# [What you have to do]
For the entries below, return the line holding "France Circa 1870s" together with all lines after it, unchanged, and leave every picture out.

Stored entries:
[Start of section]

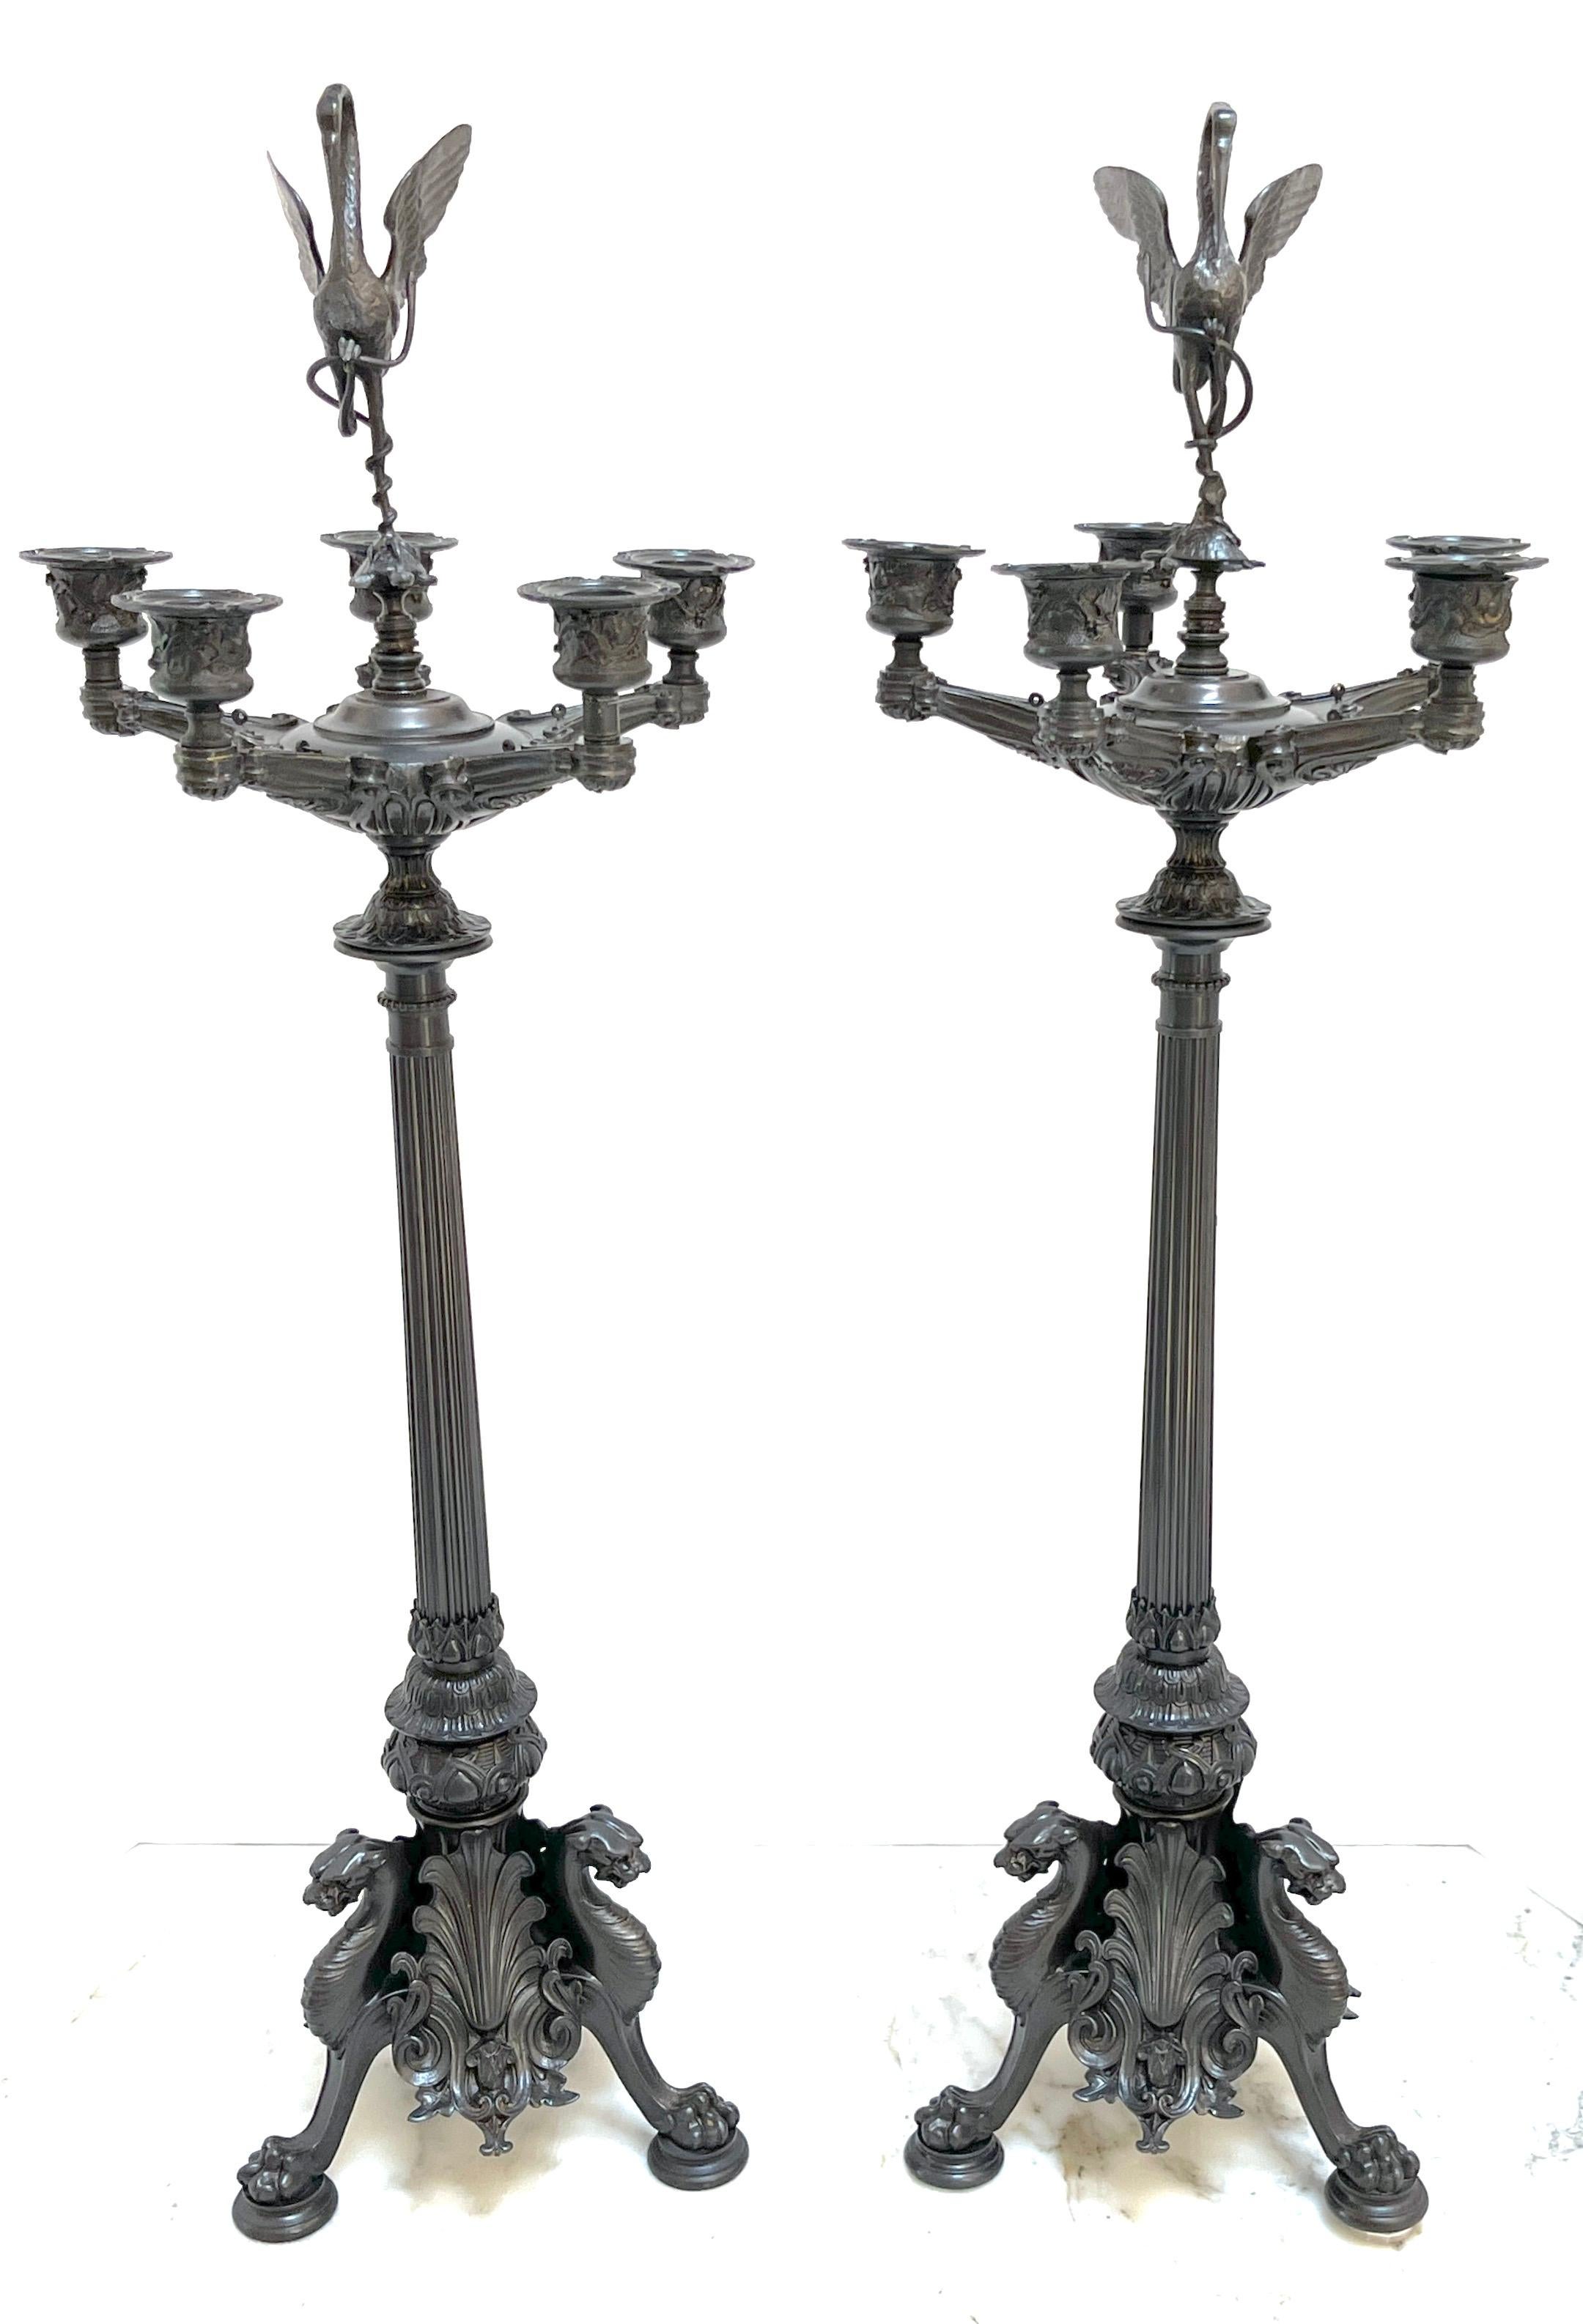 Pair of Napoleon III Patinated Bronze Patina 5-Light Candelabra
France Circa 1870s

A exquisite pair of Napoleon III patinated bronze candelabra, crafted in France during the 1870s. Standing at an impressive 30 inches tall, these candelabra are a
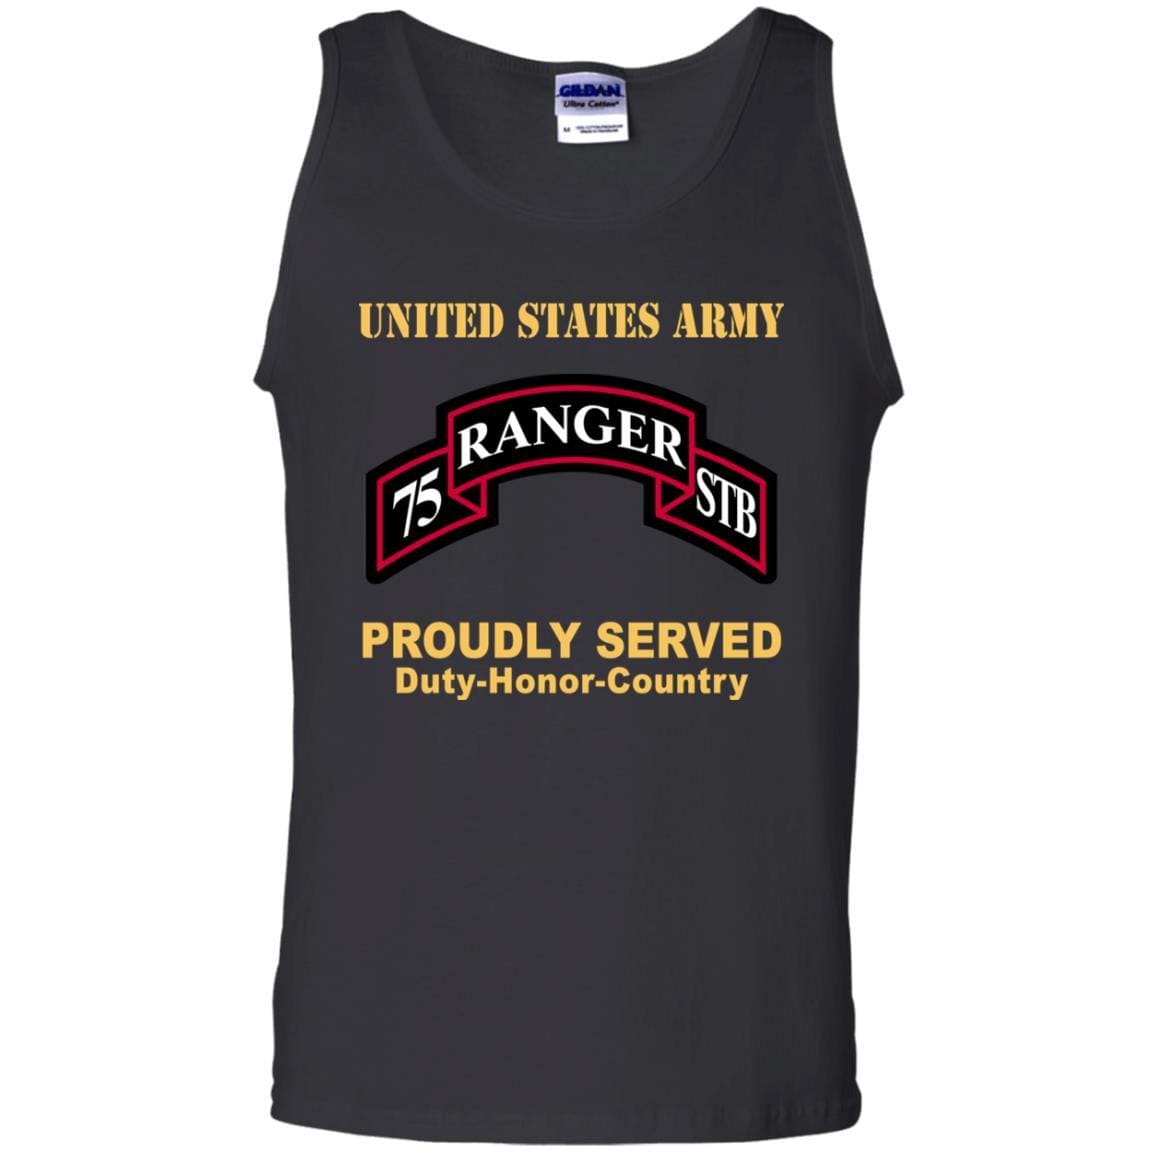 US ARMY 75TH RANGER REGIMENT SPECIALITY TROOPS BATTALION - Proudly Served T-Shirt On Front For Men-TShirt-Army-Veterans Nation
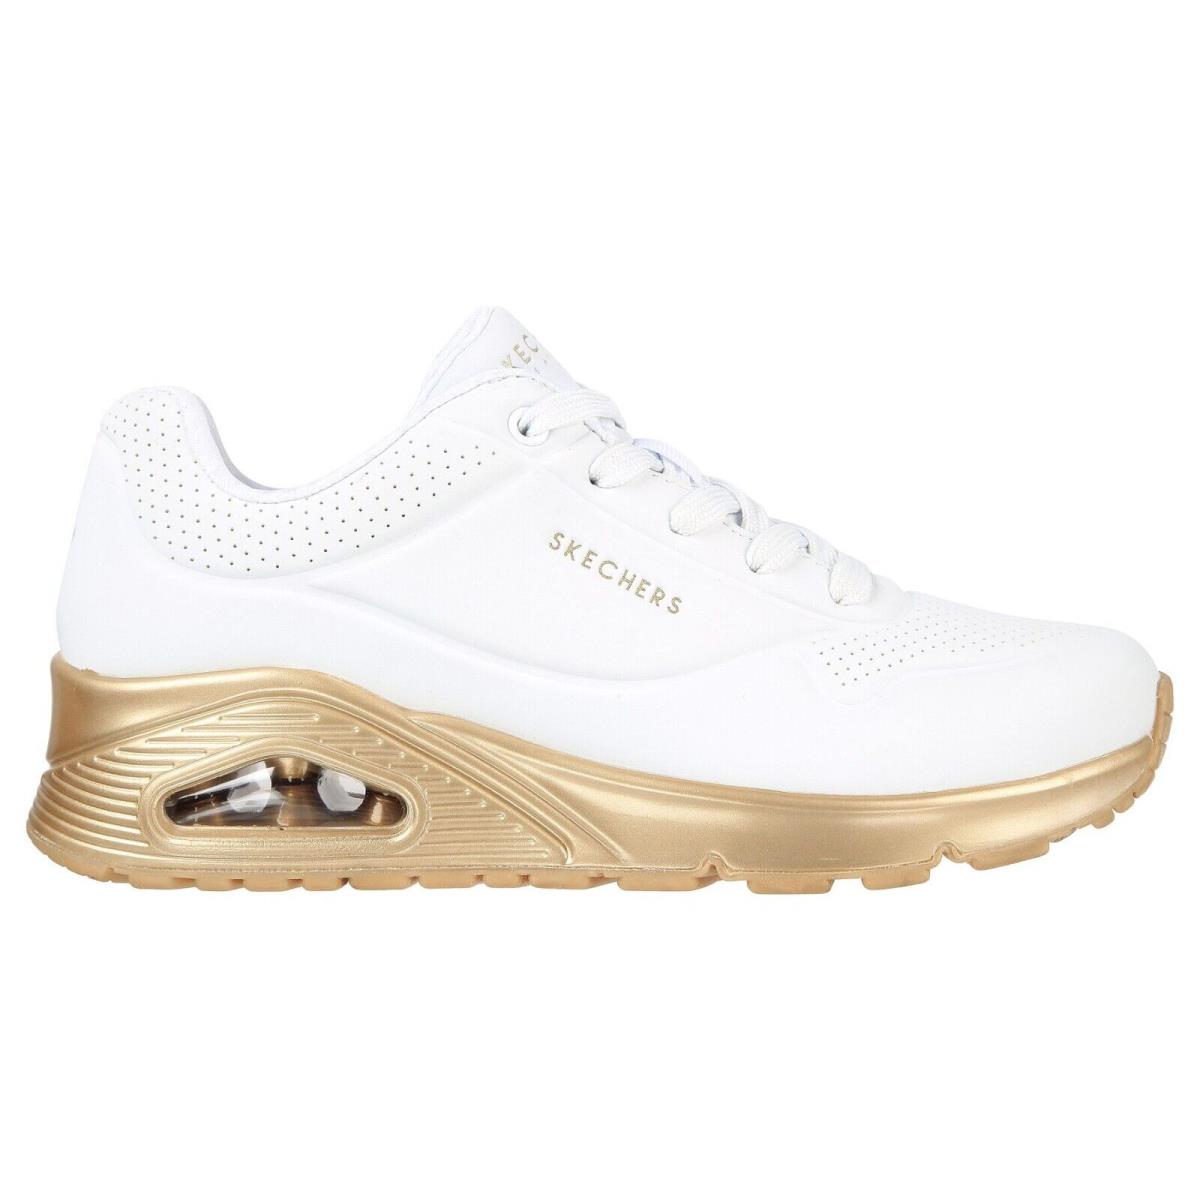 Skechers shoes Uno Gold Soul - White/Gold 10

[End of section]

# [Expected output]
France Circa 1870s

A exquisite pair of Napoleon III patinated bronze candelabra, crafted in France during the 1870s. Standing at an impressive 30 inches tall, these candelabra are a
 US ARMY 75TH RANGER REGIMENT SPECIALITY TROOPS BATTALION - Proudly Served T-Shirt On Front For Men-TShirt-Army-Veterans Nation
 Skechers shoes Uno Gold Soul - White/Gold 10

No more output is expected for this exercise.